Above all, Xi’s support for Russia is part of a much larger, long-term geopolitical strategy to remake the current world order dominated by the U.S. and its allies. Xi sees Putin as a crucial partner in his campaign to build an alternative bloc of developing countries that China can lead against the Western powers. For Xi, that goal may seem too big and important to set aside in order to resolve a far-off war in Europe. If anything, Xi’s incentives run in the other direction—and he gains by sustaining the Russian economy and prolonging Putin’s war. That way, Xi gets to create trouble for the U.S. and its European partners and bind Putin closer to him, with minimal risk to China itself.

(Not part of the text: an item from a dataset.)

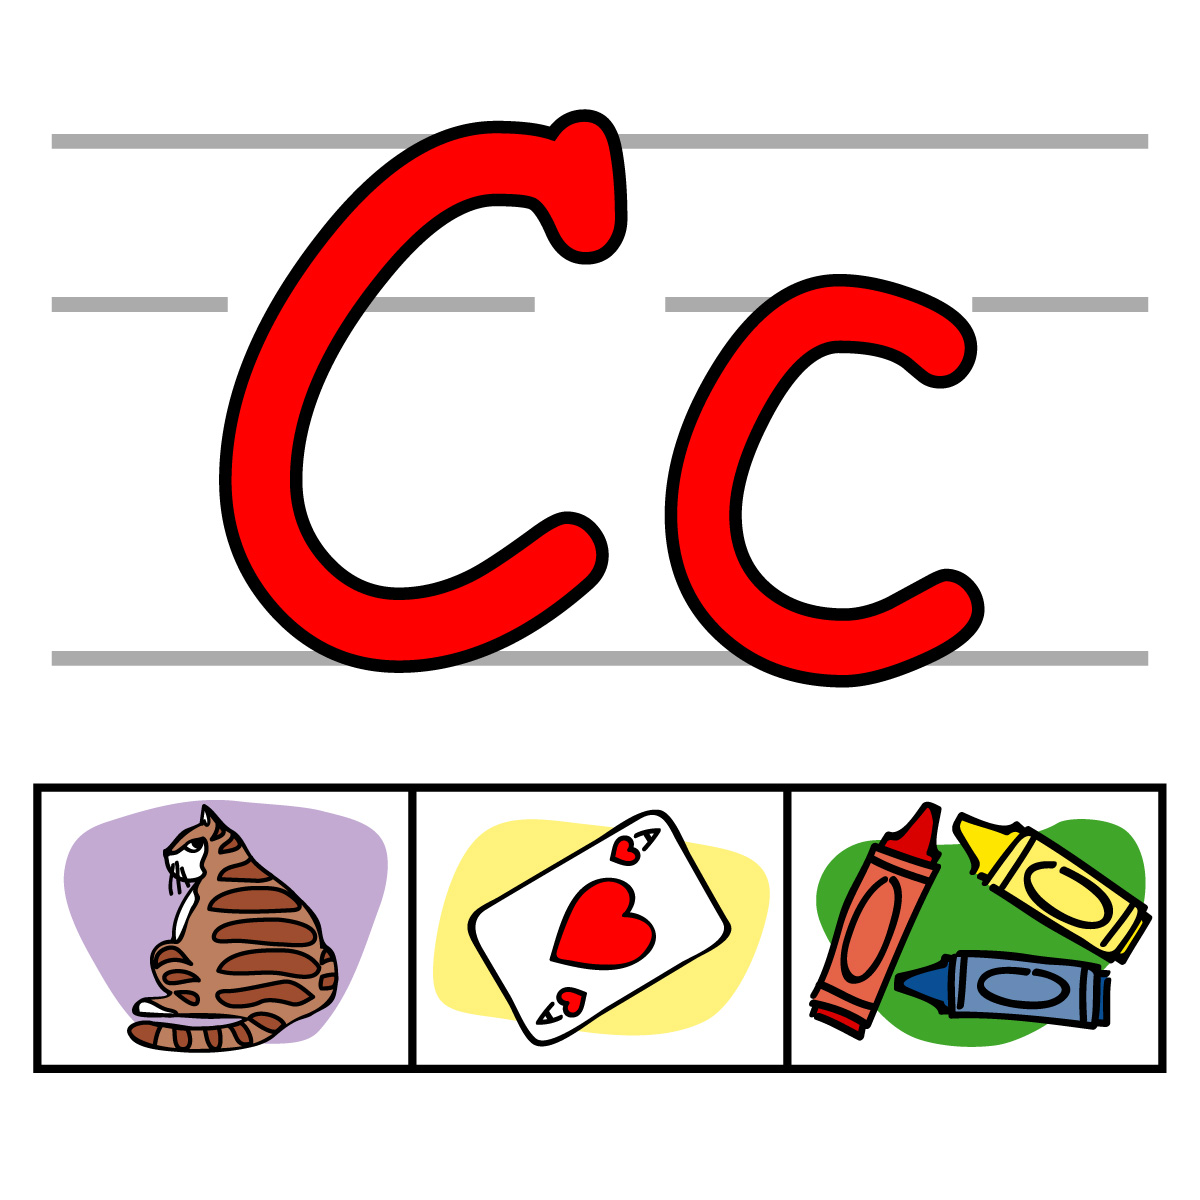 c clipart alphabet

This is the same approach that Xi is taking toward the Gaza crisis. Beijing has been trumpeting its support for the Palestinian cause to woo adherents in the Arab world, blaming U.S. policy for the turmoil, but then relying on Washington to lead negotiations for a resolution. Similarly, in the Red Sea, Xi has refused to cooperate with the U.S. and its partners to restore order after the Yemen-based Houthi militants disrupted international commerce by attacking crucial shipping routes. In all of these situations, Xi is willing to tolerate, even tacitly foment, instability that creates difficulties for the U.S. and at the same time capitalize on it to portray China as the more responsible global power that can offer superior solutions to the world’s problems.

Xi’s policies are realpolitik at its coldest. The most significant payoff may come in Ukraine. Wars are supposed to have no winners, but the power-hungry and unscrupulous can take advantage of suffering to forward their own interests. Beijing could be a big winner from Kyiv’s pain.